Релятивистская позиция предполагает, что язык, на котором мы говорим, особенно структура этого языка, определяет особенности мышления, восприятие реальности, стереотипы поведения и т.д.

Первые попытки описания взаимосвязи языка и культуры прослеживаются в трудах В. Гумбольдта, признавшего социальный характер языка (продукт длительного социального употребления).

Язык всегда развивается в обществе, и человек понимает себя постольку, поскольку опытом установлено, что его слова понятны также и другим. Язык представляет собой не столько готовый продукт (Ergon), сколько деятельность (Energeia). Язык постоянно порождается в процессе его использования. Это положение не отменяет возможности описывать язык как систему знаков; необходимо, однако, помнить, что такое описание будет заведомо неполным, оно не в состоянии объяснить ряд значимых свойств естественного языка, например языковые изменения.

С первым положением связана идея единства языка и мышления. Говорящий строит свое высказывание, не столько облекая готовую мысль в языковую форму, сколько выстраивая мысль с помощью языка. Воспринимая это сообщение, слушающий не «распаковывает» чужие мысли, а, говоря современным языком, активизирует соответствующие концептуальные структуры в своем сознании. Причем эти концептуальные структуры никогда не могут быть тождественны концептуальным структурам отправителя информации.

Из положения о единстве языка и мышления естественным образом вытекает положение об активной роли конкретных языков в формировании модели мира, или «языкового мировидения» (sprachliche Weltansicht), как называл его Гумбольдт. Если язык изначально принимает участие в зарождении мысли, мысль не может быть свободна от соответствующего языкового выражения. Поскольку каждый язык концептуализирует мир своим неповторимым образом,  мысли, сформулированные на разных языках, не могут быть полностью тождественными. Различные модели мира, зафиксированные в конкретных языках, – это не столько разные сущности, сколько различные способы и пути, на которых осуществляется «превращение мира в мысли». Представляется, что именно в этом смысле следует интерпретировать знаменитое высказывание Гумбольдта: «Язык народа есть его дух, и дух народа есть его язык, и трудно представить себе что-либо более тождественное».
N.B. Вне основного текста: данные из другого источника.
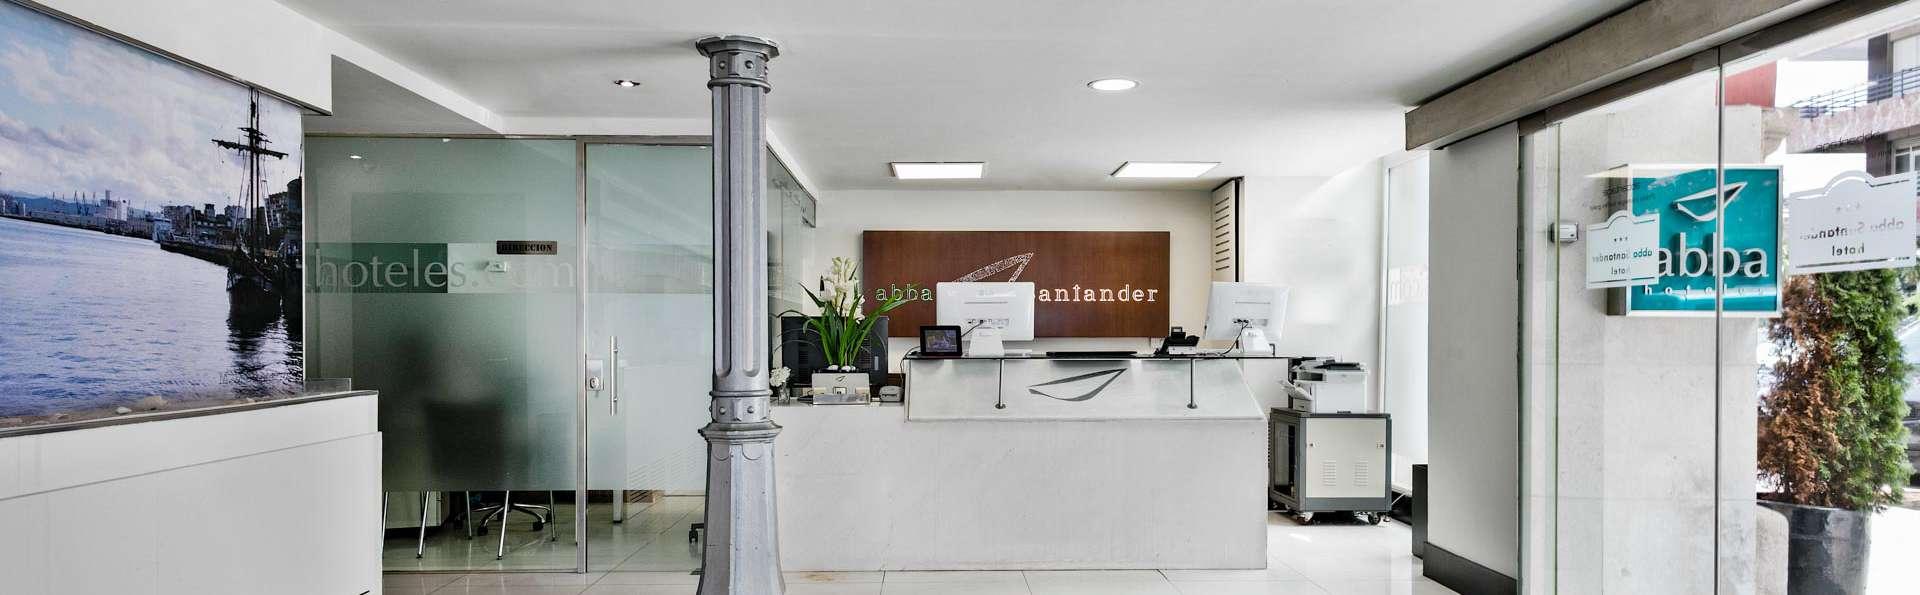 Hotel Abba Santander - EDIT_LOBBY_04.jpg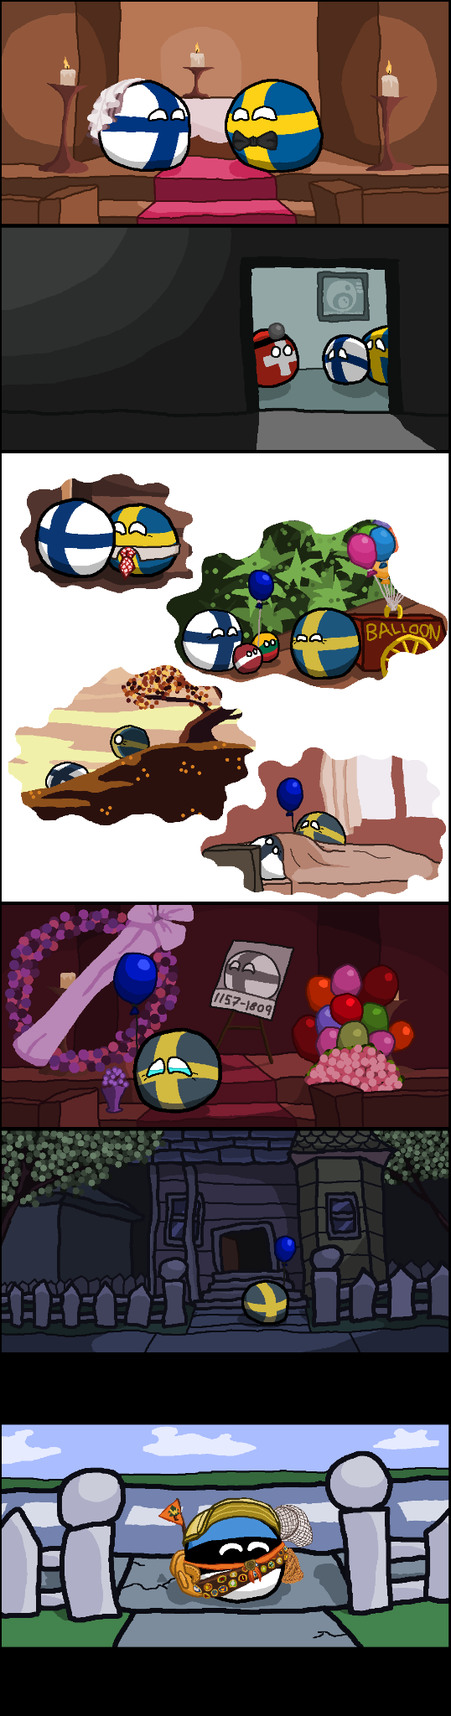 Rip finland - meme

Положения о единстве языка и мышления и об активной роли языка в процессе «превращения мира в мысли» непосредственно связаны с понятием внутренней формы языка (innere Sprachform). Внутренняя форма языка понималась им как противопоставляемая внешней, звуковой форме концептуально-структурная модель, лежащая в основе грамматики данного языка и организации его лексико-семантической системы. Именно внутренняя форма делает каждый язык уникальным в том смысле, что значимыми являются не столько различия в акустическо-графическом облике языковых выражений, сколько различия в их глубинном устройстве, т.е. в грамматическом строе каждого языка и зафиксированной в нем модели мира.

Гумбольдт делает вывод о том. что наше отношение к предметам и явлениям реальной действительности обусловливается языком. Язык, формируемый под воздействием понятий и представлений некоторой части человечества, определяет отношение человека к реальной действительности и его поведение. Таким образом, язык у Гумбольдта - это деятельность, преобразующая мир в собственность духа.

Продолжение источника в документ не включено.